THE TASK: Quote exactly, and only, the lines from the one with "Stay At Home" through the end of the listing.

SOURCE MATERIAL:
____________________
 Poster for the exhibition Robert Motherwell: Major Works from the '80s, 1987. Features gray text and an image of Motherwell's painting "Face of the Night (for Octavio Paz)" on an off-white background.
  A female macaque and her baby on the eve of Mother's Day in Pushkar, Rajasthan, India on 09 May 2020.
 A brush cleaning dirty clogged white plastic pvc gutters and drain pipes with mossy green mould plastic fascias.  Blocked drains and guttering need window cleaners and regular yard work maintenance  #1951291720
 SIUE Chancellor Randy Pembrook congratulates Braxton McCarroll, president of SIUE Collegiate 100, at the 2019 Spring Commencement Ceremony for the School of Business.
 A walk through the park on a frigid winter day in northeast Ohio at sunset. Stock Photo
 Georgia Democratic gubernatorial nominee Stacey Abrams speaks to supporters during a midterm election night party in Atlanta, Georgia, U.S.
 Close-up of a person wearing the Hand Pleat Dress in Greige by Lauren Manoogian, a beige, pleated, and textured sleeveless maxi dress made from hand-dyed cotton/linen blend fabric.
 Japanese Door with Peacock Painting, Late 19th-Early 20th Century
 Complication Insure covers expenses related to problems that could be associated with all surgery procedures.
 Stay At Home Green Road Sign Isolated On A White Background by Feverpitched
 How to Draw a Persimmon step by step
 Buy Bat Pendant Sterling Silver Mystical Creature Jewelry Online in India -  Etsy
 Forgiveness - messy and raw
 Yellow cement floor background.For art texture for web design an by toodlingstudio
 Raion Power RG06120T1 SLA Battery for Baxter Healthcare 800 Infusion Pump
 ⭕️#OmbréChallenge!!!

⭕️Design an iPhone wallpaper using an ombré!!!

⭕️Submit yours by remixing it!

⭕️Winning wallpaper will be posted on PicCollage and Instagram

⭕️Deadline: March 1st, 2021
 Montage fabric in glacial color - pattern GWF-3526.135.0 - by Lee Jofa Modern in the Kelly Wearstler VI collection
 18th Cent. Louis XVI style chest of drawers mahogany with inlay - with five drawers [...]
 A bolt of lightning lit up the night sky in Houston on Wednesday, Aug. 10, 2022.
____________________
ANSWER TO THE EXERCISE:
 Stay At Home Green Road Sign Isolated On A White Background by Feverpitched
 How to Draw a Persimmon step by step
 Buy Bat Pendant Sterling Silver Mystical Creature Jewelry Online in India -  Etsy
 Forgiveness - messy and raw
 Yellow cement floor background.For art texture for web design an by toodlingstudio
 Raion Power RG06120T1 SLA Battery for Baxter Healthcare 800 Infusion Pump
 ⭕️#OmbréChallenge!!!

⭕️Design an iPhone wallpaper using an ombré!!!

⭕️Submit yours by remixing it!

⭕️Winning wallpaper will be posted on PicCollage and Instagram

⭕️Deadline: March 1st, 2021
 Montage fabric in glacial color - pattern GWF-3526.135.0 - by Lee Jofa Modern in the Kelly Wearstler VI collection
 18th Cent. Louis XVI style chest of drawers mahogany with inlay - with five drawers [...]
 A bolt of lightning lit up the night sky in Houston on Wednesday, Aug. 10, 2022.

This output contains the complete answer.